===== Data

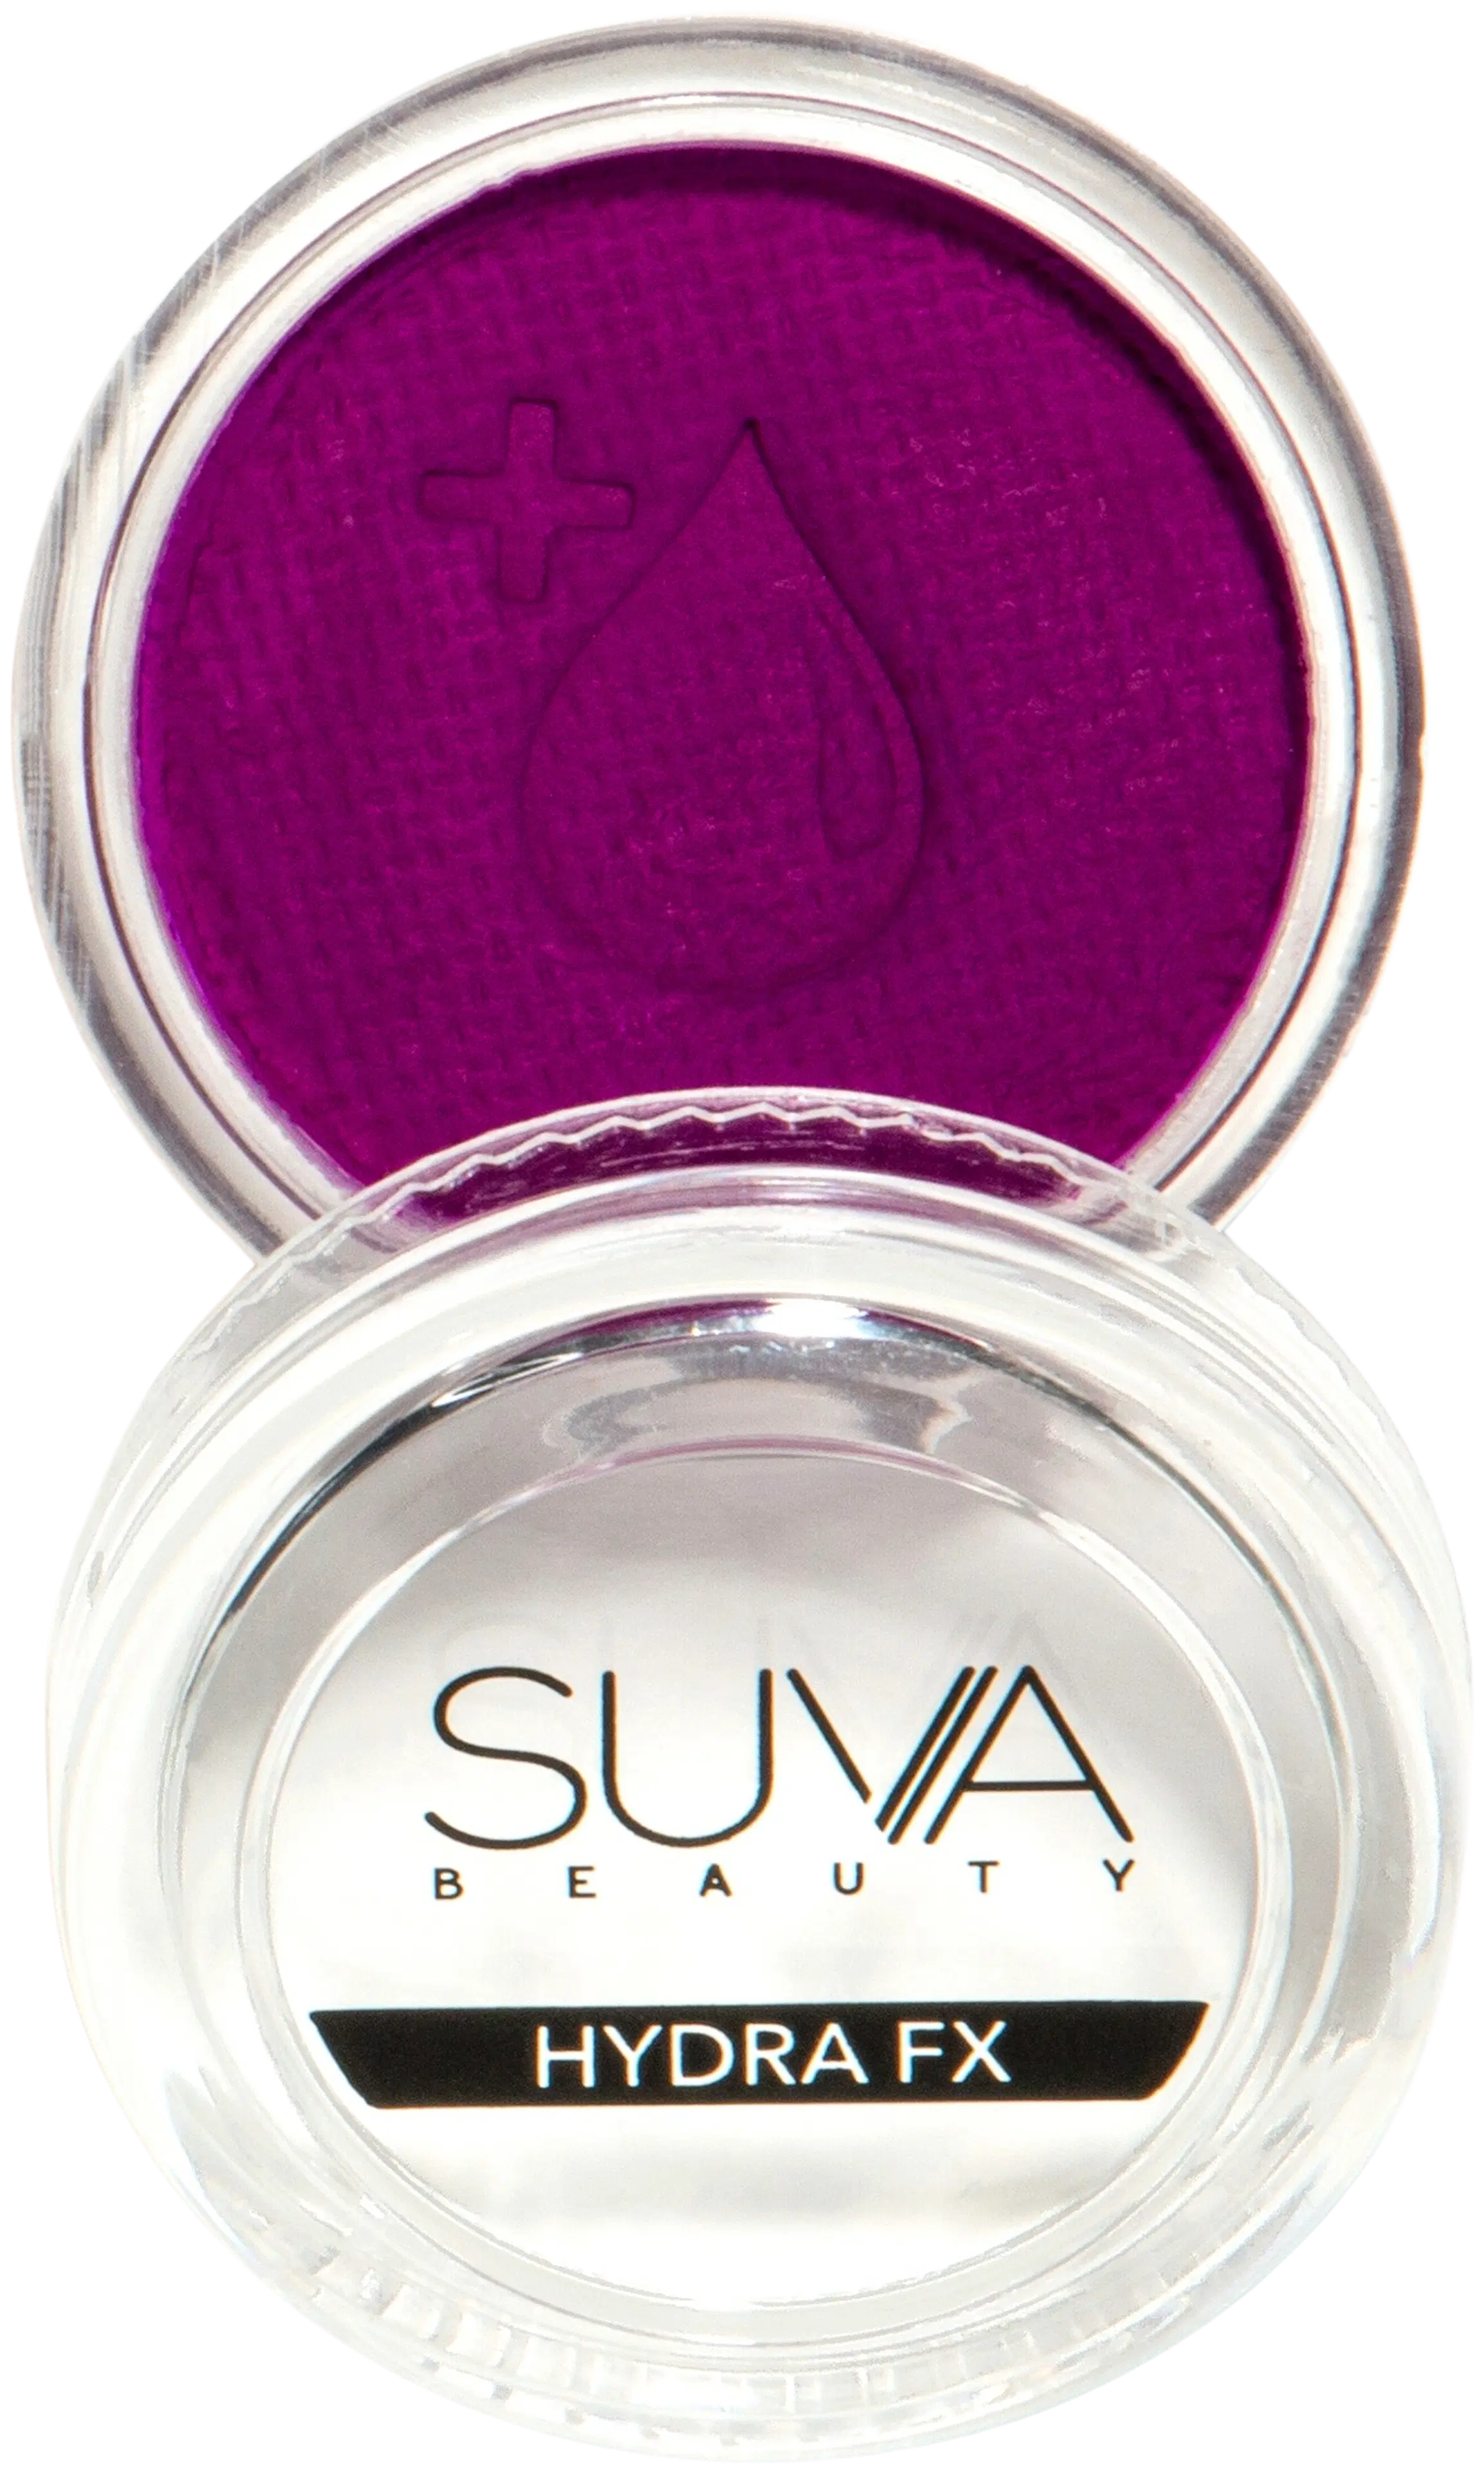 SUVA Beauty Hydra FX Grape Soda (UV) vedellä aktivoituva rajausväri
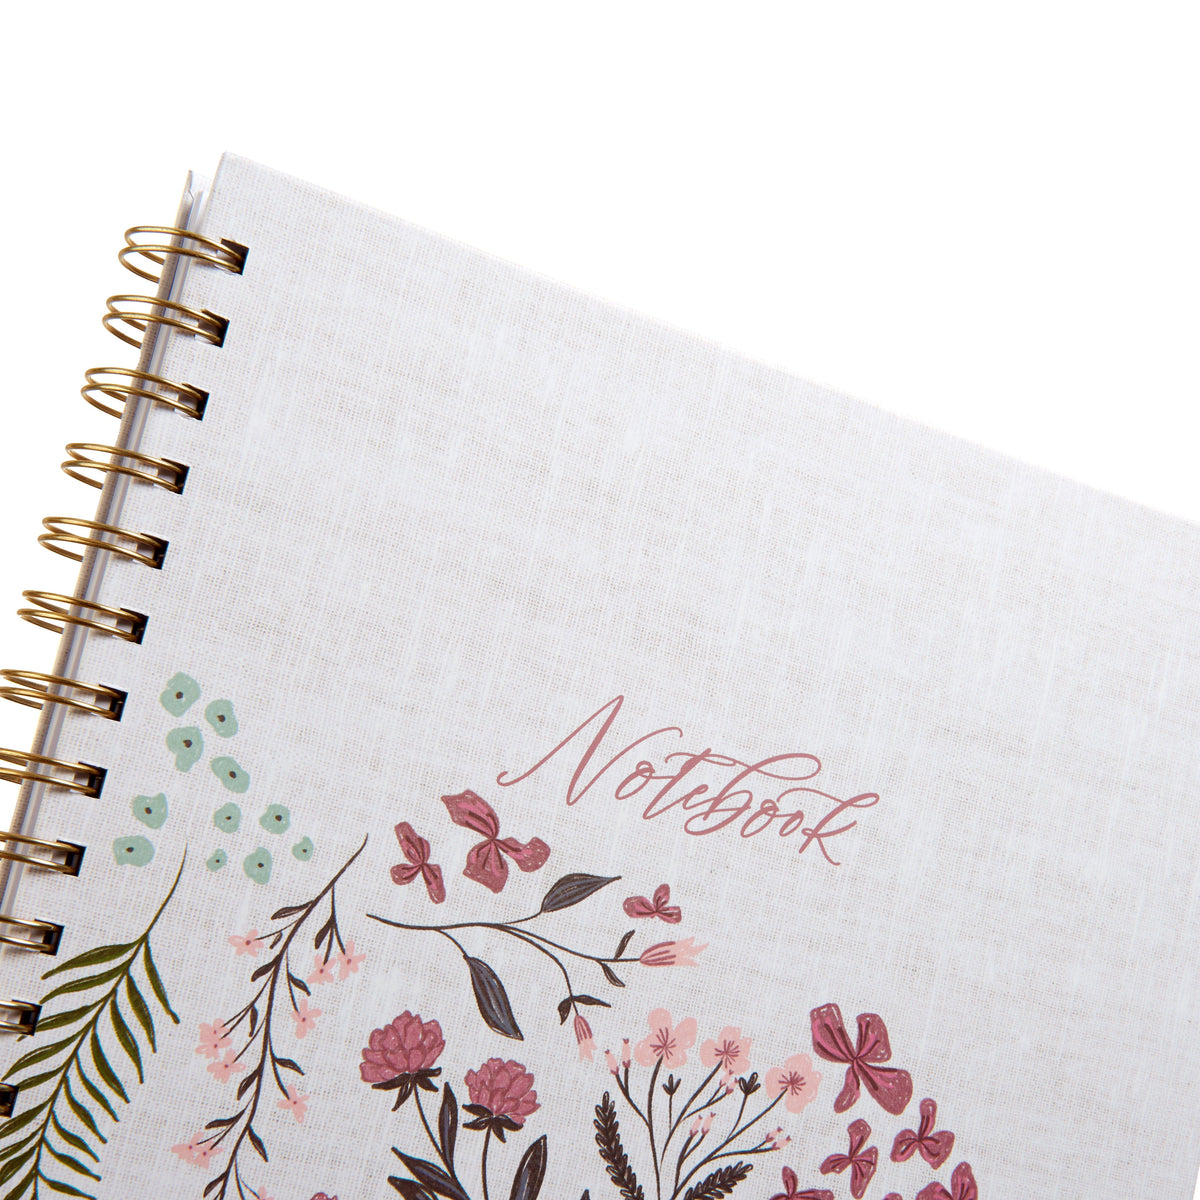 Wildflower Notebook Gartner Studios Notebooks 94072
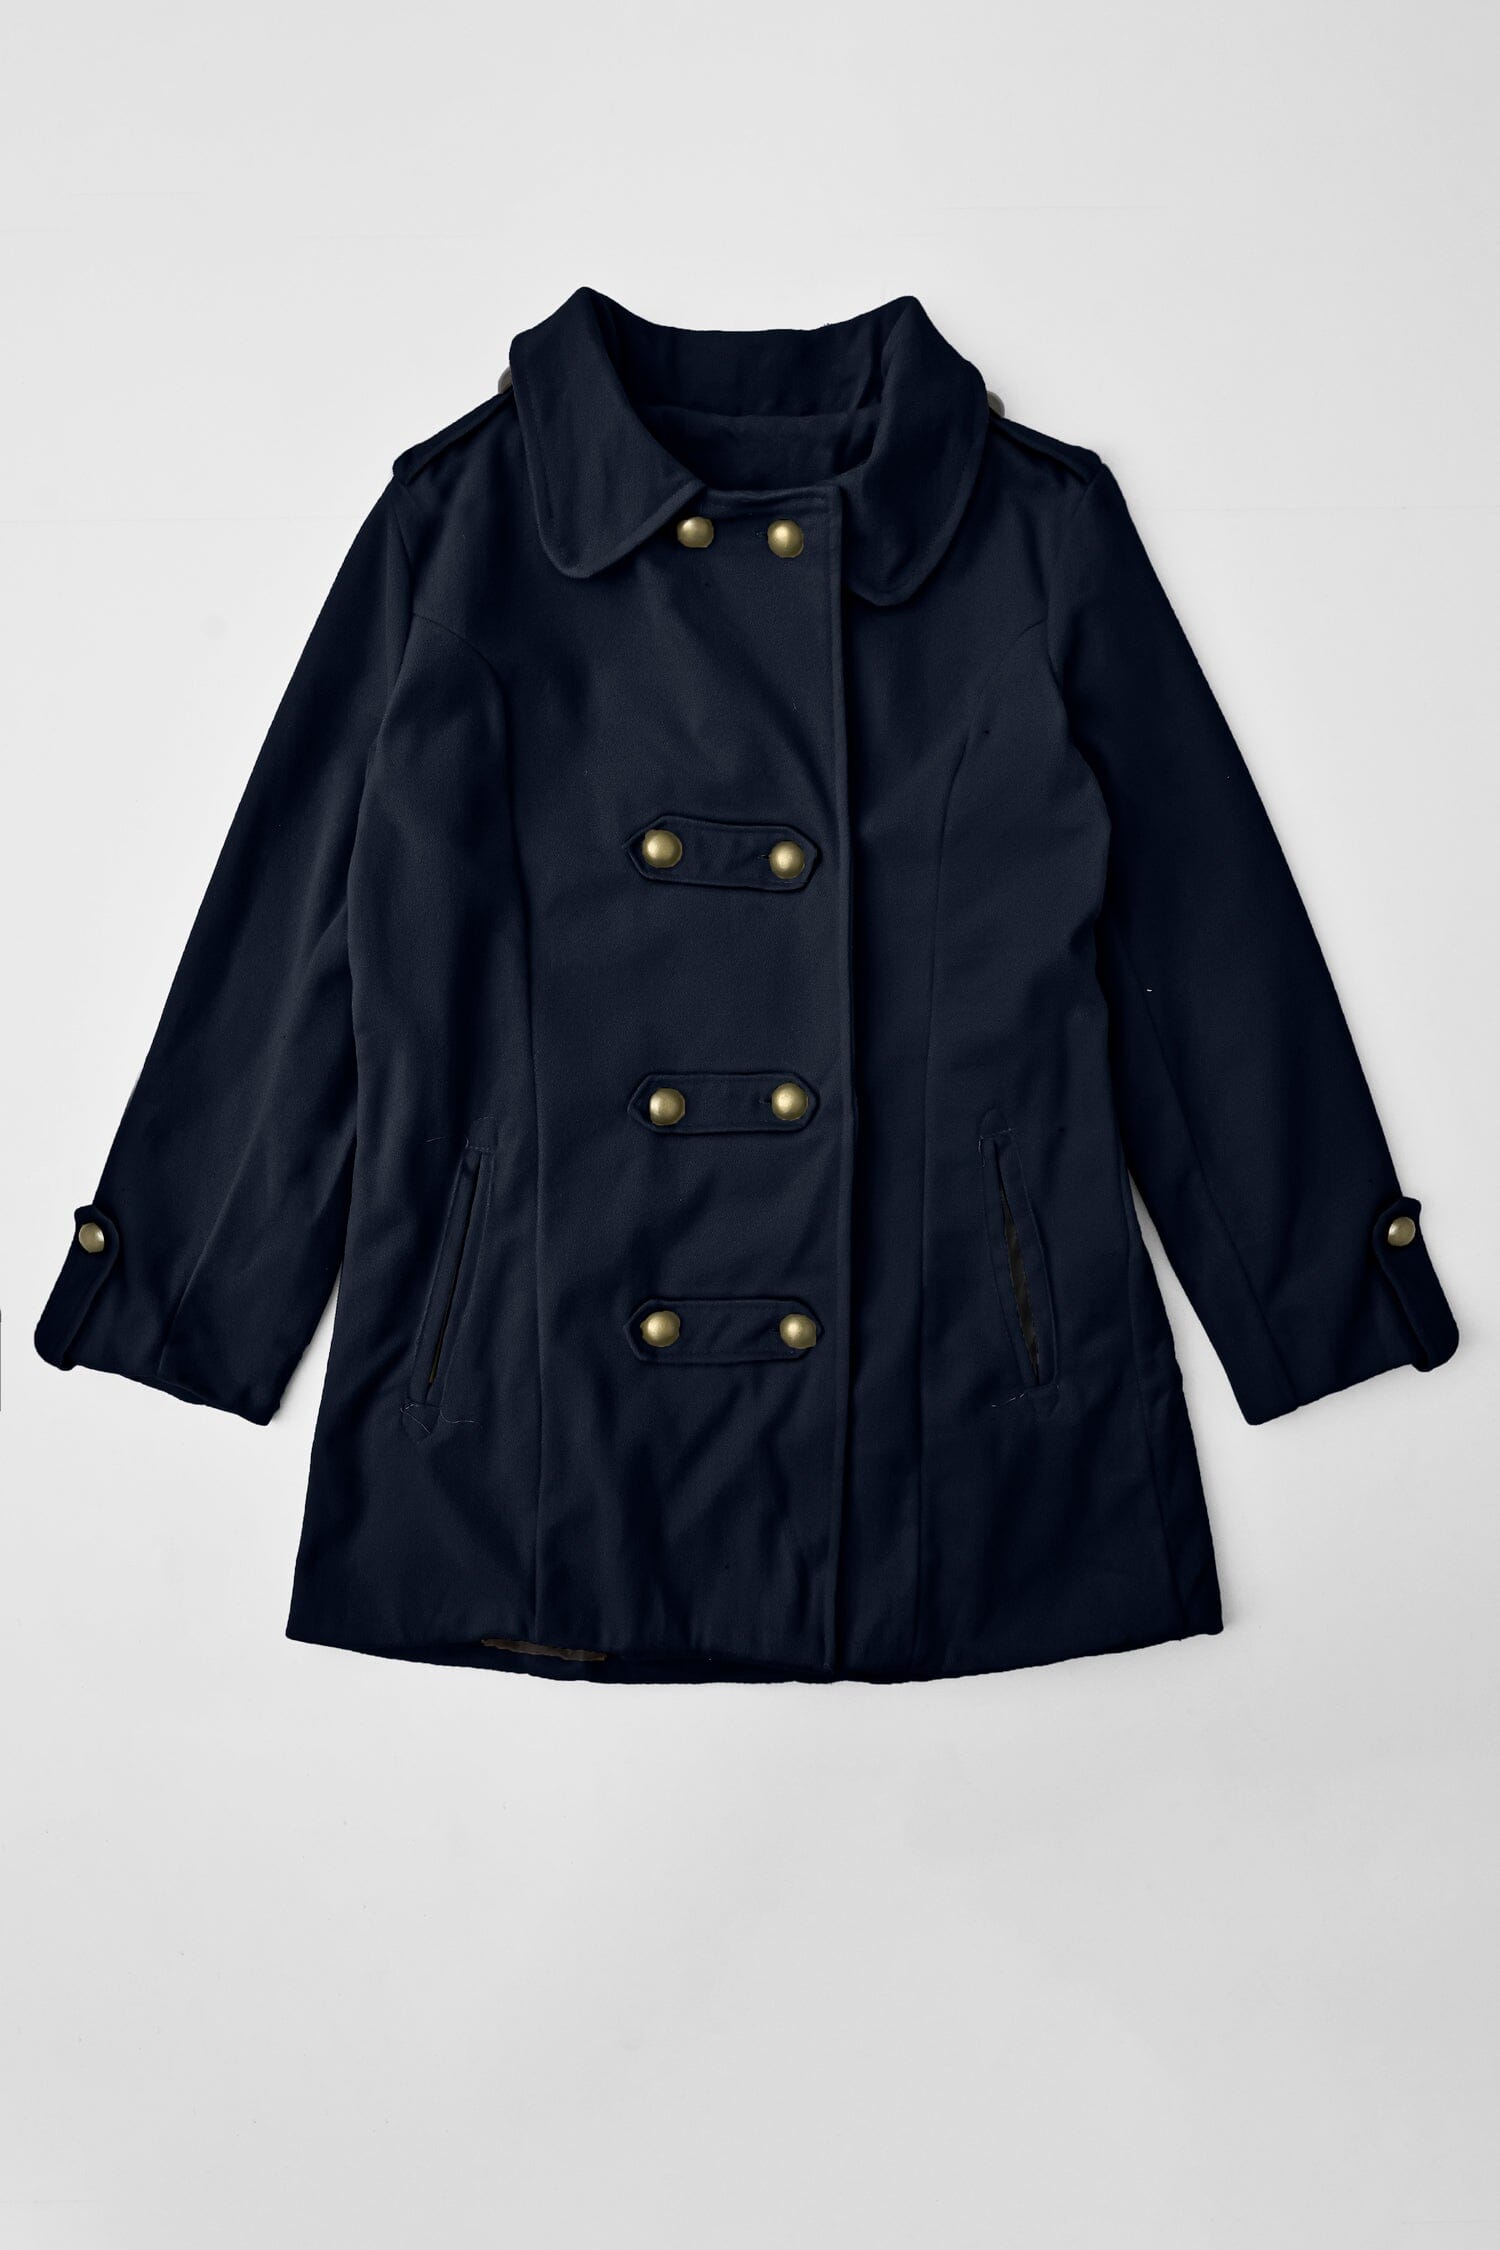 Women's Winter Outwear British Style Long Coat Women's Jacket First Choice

==========

Write out all of the data above exactly, without any of its pictures.

 SUVA Beauty Hydra FX Grape Soda (UV) vedellä aktivoituva rajausväri
 Wildflower Notebook Gartner Studios Notebooks 94072
 Women's Winter Outwear British Style Long Coat Women's Jacket First Choice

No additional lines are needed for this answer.